The idea for incorporating London’s National Gallery originated during the pandemic. In lockdown, when traffic decreased and people retreated indoors, wildlife began to emerge in the city in an unfamiliar way. Goats were found wandering through Welsh towns, deer were seen wandering through housing estates in London and bird song regained frequencies not heard since the 1970’s.
It led me to thinking what would happen if the population of London totally disappeared? What would the city look like if nature was allowed to regain the capital's territory?
I considered various locations, but the National Gallery seemed particularly pertinent, as this is a place people make a pilgrimage to, a jewellery box of visual splendour, the pinnacle of European culture.
So I imagined this post-apocalyptic scenario where the National Gallery of London - this exquisite collection of all that’s best in European art from the last 500 years - has been abandoned and neglected. The ceilings have collapsed, and there's dampness on the walls, with trees growing all over this once-great monument to European achievements. All the Caravaggios and Ribera masterpieces are fading below the flora that's growing over them. This organic world gives birth to a new digital world, which contains thousands of brightly coloured flowers moving in the soft breeze that enters through the broken windows above and around them.
The questions I’d like to propose with this project revolve around asking: Where does beauty lie? Is it in the triumph of natural selection, creating self-sustaining organic blossoms? Or is it in the ability of mankind to create pigment and fashion images of ourselves and our experiences? Or perhaps, it is found in the burgeoning digital realm, a potential usurper of the anachronistic tradition of oil on canvas?
The end of the old world and the beginning of the new world, the transformation happening through organic life but which is also completely digital - this is one of the possible ways for us to think about what this new NFT ecosystem means for the arts.

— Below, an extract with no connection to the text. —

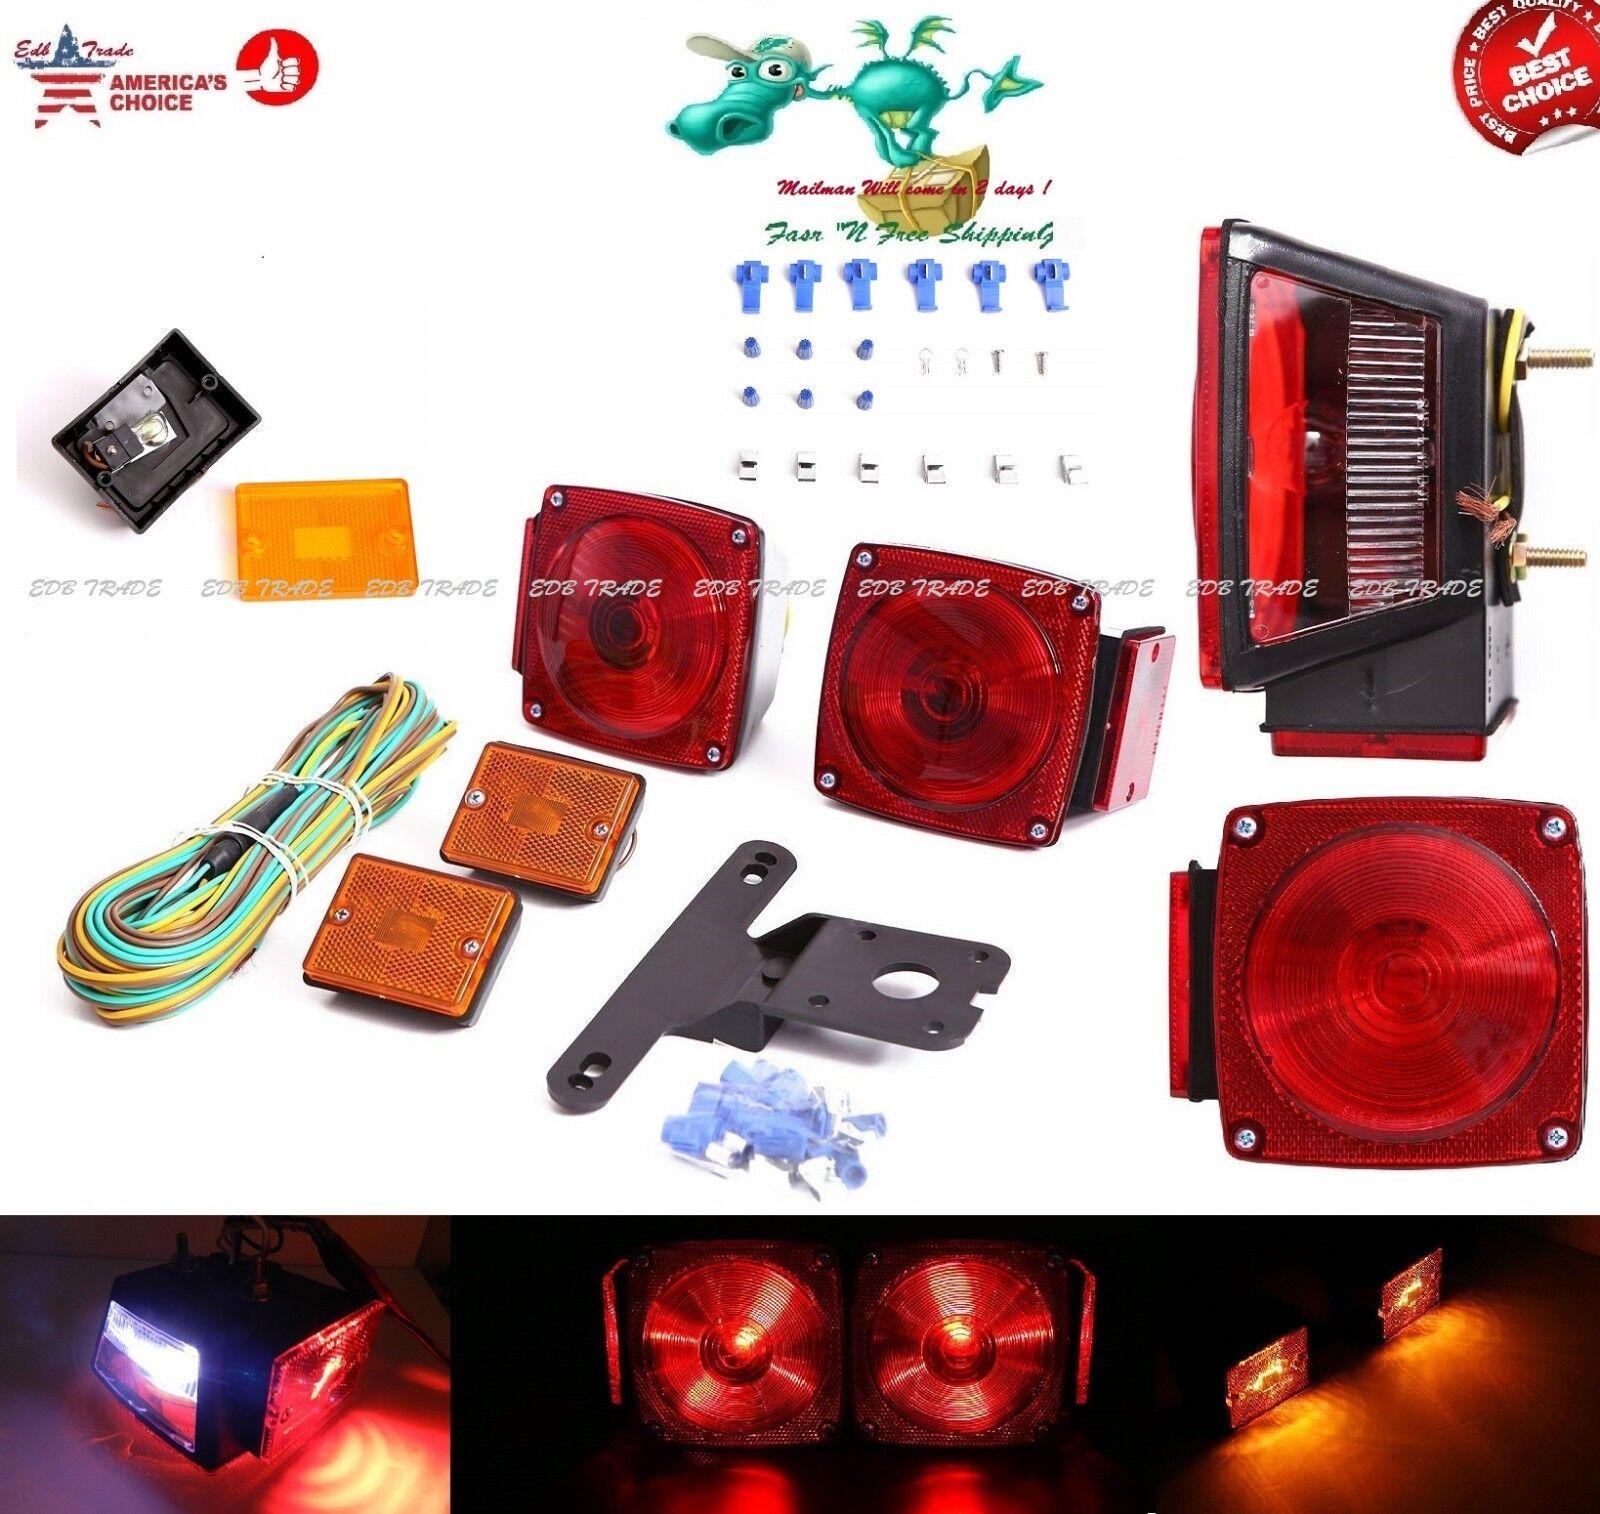 Trailer Lights Set Kit Camper Truck Boat Light Square Rear Tail Stop Waterproof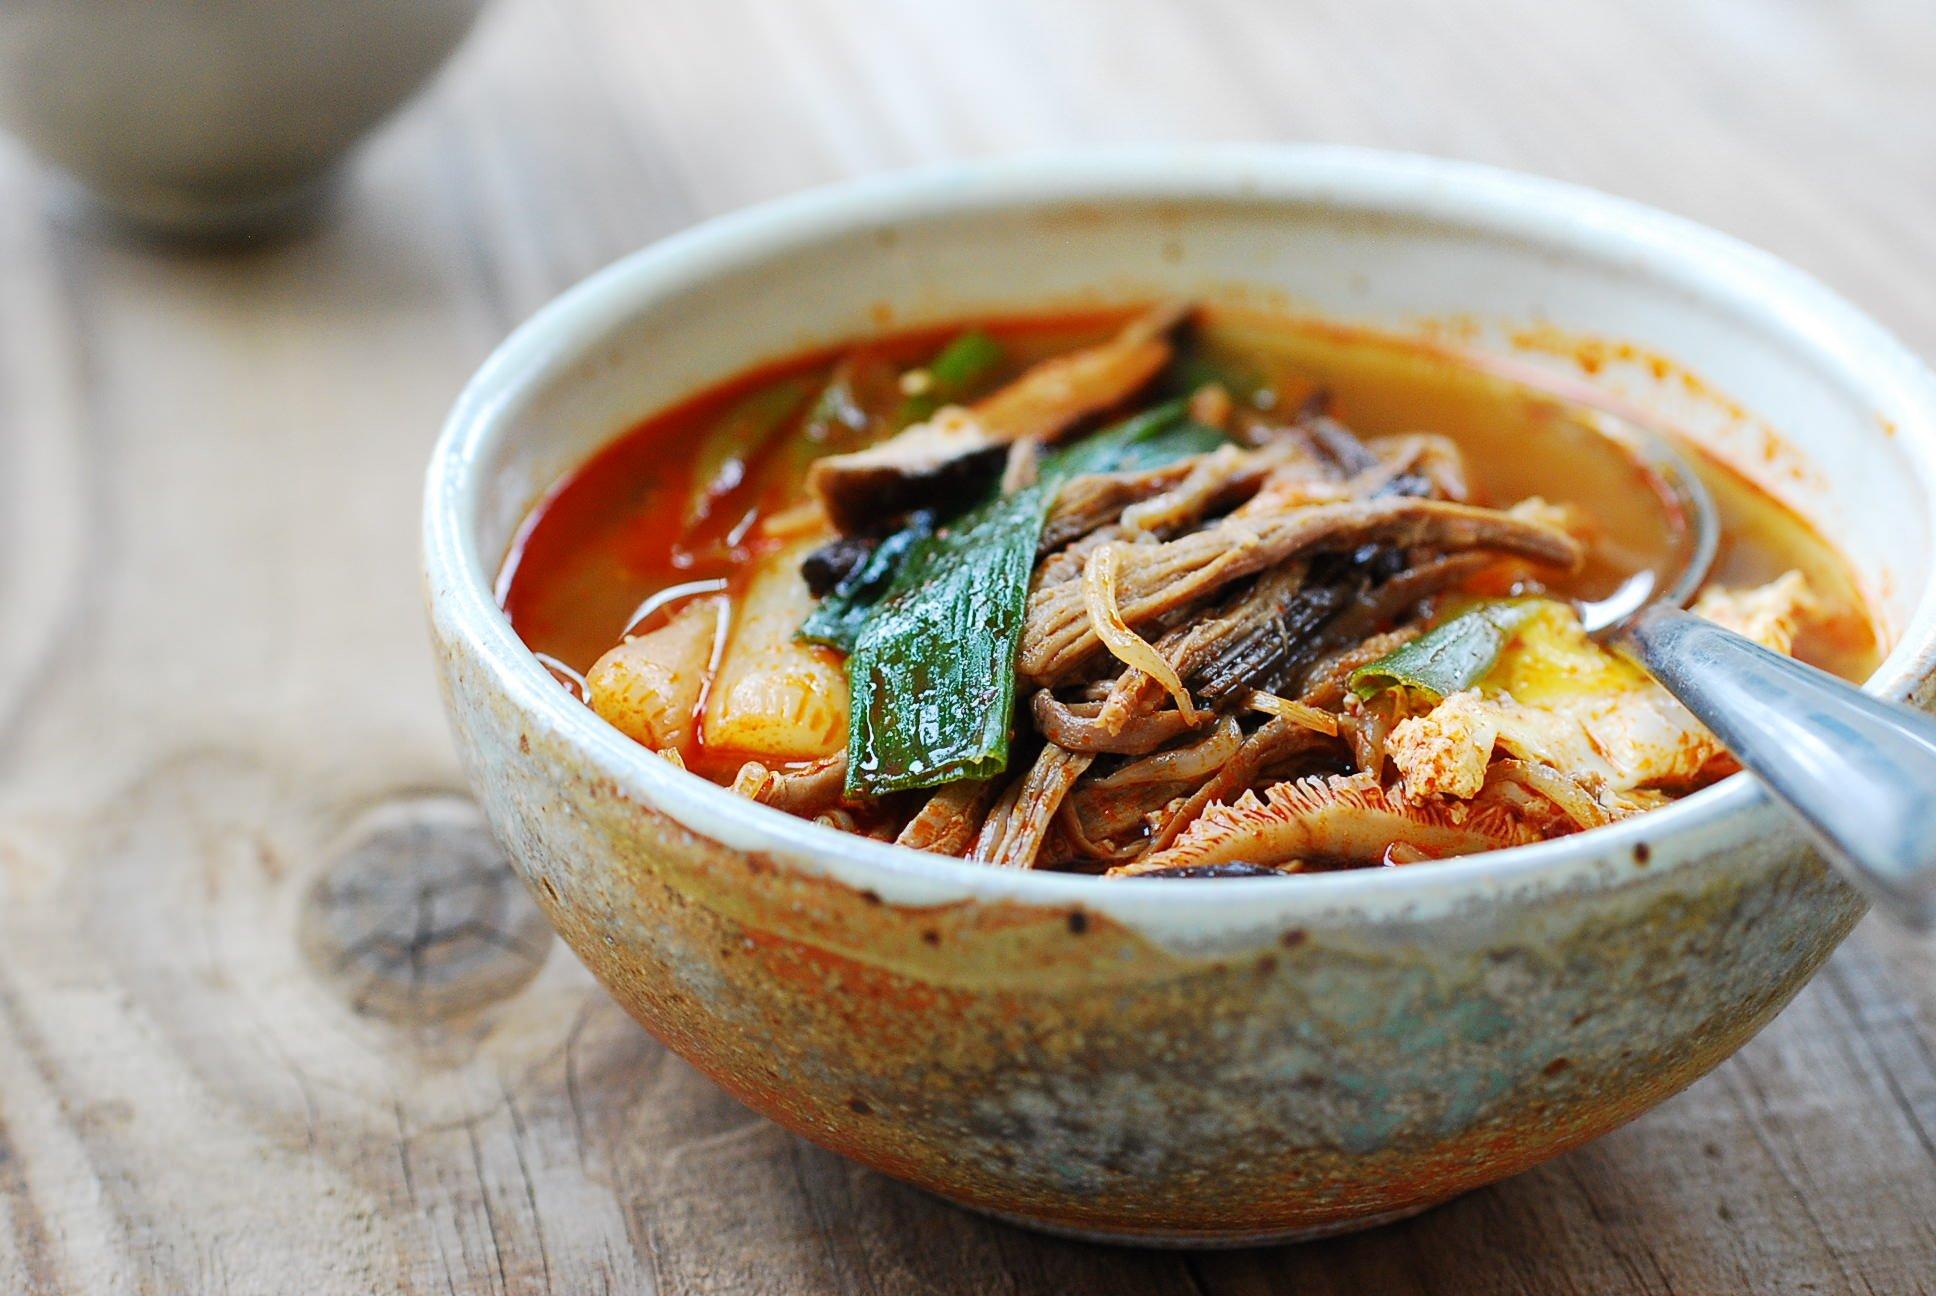 Yukgaejang Spicy Beef Soup With Vegetables Korean Bapsang

Tulip mania and flower breeding as art
Another possible view of the Heterosis project, a satirical angle, is an association with the phenomenon of tulip mania which took place in 17th century Holland, when speculation drove the price of tulip bulbs to extremes. It was one of the most famous market bubbles and crashes of all time. This reminds me in a way of the crazy dynamics of the NFT sphere. Are NFTs something that's sustainable? In this way, the Heterosis crypto art project could be seen as a parody of this tulip mania phenomenon.
I’ve often found myself asking; what is art, where does it come from, who makes it and what is its value in relation to beauty?
In 17th century Holland, a rare tulip bulb could be worth more than a painting of that same tulip. After all, that bulb could produce offsets that could be given away to friends or sold to speculators, something that can’t be said of a painting. Flowers are prehistoric, the work of either a divine creator or a product of highly rarefied natural selection. Considering the amount of time and effort involved in the sophisticated undertaking of breeding flowers, perhaps they qualify as an art form?
This was understandably a debate that occupied the minds of breeders and speculators in the 17th century. In addition to the status of these plants, another burning question surrounded which flowers qualified as being the most beautiful. When does that beauty become commonplace, with the desire for novelty demanding rarer and more distinguished manifestations of beauty?
Witnessing the NFT boom brings Tulip mania and these questions to the fore. How do we create desirable, novel emblems of compelling beauty that also attract speculative interest? The answers appear to mirror that of 17th century Holland, in that beauty is desirable until it is commonplace, then interest shifts to more rarefied images which in turn become the torch bearers of new standards of beauty.